To do
Up to and including the line with "Metastatic cancer of", please reproduce the lines below exactly, beginning with the first.
*** Opening Data records ***
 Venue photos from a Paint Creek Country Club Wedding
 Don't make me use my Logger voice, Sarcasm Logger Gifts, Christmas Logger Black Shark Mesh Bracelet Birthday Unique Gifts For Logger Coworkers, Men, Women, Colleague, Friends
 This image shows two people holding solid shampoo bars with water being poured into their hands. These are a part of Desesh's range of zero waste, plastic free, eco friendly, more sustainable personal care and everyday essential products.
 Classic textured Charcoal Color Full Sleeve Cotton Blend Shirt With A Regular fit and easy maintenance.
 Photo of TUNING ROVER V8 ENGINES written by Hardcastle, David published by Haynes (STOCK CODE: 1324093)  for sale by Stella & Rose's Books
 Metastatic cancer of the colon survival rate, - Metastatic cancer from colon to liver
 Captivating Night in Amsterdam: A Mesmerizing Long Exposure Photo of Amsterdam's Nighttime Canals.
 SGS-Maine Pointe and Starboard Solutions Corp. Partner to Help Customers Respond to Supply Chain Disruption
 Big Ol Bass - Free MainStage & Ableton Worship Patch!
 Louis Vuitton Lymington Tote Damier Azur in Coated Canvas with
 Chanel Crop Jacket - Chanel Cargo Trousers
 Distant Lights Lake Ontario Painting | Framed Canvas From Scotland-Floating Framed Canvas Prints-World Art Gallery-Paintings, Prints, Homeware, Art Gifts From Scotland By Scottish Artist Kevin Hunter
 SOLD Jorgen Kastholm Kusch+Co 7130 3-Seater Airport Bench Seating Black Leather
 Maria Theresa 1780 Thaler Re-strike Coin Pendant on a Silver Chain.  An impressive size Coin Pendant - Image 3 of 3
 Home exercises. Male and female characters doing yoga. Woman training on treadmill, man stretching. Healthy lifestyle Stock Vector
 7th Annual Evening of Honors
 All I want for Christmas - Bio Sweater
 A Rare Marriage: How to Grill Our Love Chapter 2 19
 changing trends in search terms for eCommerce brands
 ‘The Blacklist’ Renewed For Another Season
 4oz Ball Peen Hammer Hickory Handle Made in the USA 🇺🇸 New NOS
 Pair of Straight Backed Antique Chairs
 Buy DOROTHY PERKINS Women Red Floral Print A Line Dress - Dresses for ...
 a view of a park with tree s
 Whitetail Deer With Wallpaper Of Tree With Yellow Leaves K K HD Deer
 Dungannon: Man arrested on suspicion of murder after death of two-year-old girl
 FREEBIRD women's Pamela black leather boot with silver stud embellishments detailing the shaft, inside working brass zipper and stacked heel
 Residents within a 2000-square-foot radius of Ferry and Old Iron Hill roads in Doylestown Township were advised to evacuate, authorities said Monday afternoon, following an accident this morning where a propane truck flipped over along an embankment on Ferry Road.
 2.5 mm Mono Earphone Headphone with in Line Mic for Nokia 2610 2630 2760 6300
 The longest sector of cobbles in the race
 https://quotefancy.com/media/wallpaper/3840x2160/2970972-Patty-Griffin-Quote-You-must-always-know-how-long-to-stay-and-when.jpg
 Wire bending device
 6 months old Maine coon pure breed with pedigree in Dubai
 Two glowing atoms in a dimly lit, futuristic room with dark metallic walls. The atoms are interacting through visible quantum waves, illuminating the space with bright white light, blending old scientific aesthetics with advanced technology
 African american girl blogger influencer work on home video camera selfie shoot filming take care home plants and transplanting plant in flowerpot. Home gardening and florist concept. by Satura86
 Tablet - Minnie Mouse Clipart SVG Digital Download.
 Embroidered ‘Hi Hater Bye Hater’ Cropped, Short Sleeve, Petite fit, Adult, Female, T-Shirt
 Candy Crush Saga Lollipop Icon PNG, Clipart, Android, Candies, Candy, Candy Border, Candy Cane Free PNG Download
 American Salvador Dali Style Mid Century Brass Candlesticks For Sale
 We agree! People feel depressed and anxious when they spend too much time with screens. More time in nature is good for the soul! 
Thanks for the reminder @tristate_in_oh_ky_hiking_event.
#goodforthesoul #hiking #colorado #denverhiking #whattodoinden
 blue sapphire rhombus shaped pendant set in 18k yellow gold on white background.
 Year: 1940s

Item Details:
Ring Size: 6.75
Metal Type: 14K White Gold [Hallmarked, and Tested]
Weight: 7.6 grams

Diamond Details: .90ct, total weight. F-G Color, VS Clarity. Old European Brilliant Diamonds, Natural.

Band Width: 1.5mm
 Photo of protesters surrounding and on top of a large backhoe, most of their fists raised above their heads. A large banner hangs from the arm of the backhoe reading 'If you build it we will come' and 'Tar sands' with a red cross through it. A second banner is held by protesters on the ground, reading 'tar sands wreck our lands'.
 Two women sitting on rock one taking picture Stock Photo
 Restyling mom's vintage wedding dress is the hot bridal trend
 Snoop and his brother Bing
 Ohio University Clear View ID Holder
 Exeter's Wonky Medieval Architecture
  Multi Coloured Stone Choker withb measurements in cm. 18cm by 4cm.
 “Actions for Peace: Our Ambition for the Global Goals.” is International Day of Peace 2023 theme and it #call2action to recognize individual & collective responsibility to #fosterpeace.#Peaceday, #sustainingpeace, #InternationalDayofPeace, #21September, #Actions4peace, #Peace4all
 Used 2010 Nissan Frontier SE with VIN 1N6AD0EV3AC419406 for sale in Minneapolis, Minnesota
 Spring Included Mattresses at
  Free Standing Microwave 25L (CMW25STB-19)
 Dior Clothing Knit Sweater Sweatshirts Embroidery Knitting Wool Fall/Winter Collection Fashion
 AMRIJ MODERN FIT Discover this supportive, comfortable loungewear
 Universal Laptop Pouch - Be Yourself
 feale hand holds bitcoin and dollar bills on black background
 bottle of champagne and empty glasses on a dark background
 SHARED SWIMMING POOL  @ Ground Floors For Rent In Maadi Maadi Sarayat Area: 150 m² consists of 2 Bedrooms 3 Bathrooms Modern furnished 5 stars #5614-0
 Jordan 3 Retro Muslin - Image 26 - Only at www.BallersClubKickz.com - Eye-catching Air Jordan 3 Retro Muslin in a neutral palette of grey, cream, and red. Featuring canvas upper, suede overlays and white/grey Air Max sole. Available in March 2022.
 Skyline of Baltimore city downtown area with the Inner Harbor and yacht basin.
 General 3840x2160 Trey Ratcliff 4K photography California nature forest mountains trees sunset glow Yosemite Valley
*** Closing Data records ***
Answer for the task
 Venue photos from a Paint Creek Country Club Wedding
 Don't make me use my Logger voice, Sarcasm Logger Gifts, Christmas Logger Black Shark Mesh Bracelet Birthday Unique Gifts For Logger Coworkers, Men, Women, Colleague, Friends
 This image shows two people holding solid shampoo bars with water being poured into their hands. These are a part of Desesh's range of zero waste, plastic free, eco friendly, more sustainable personal care and everyday essential products.
 Classic textured Charcoal Color Full Sleeve Cotton Blend Shirt With A Regular fit and easy maintenance.
 Photo of TUNING ROVER V8 ENGINES written by Hardcastle, David published by Haynes (STOCK CODE: 1324093)  for sale by Stella & Rose's Books
 Metastatic cancer of the colon survival rate, - Metastatic cancer from colon to liver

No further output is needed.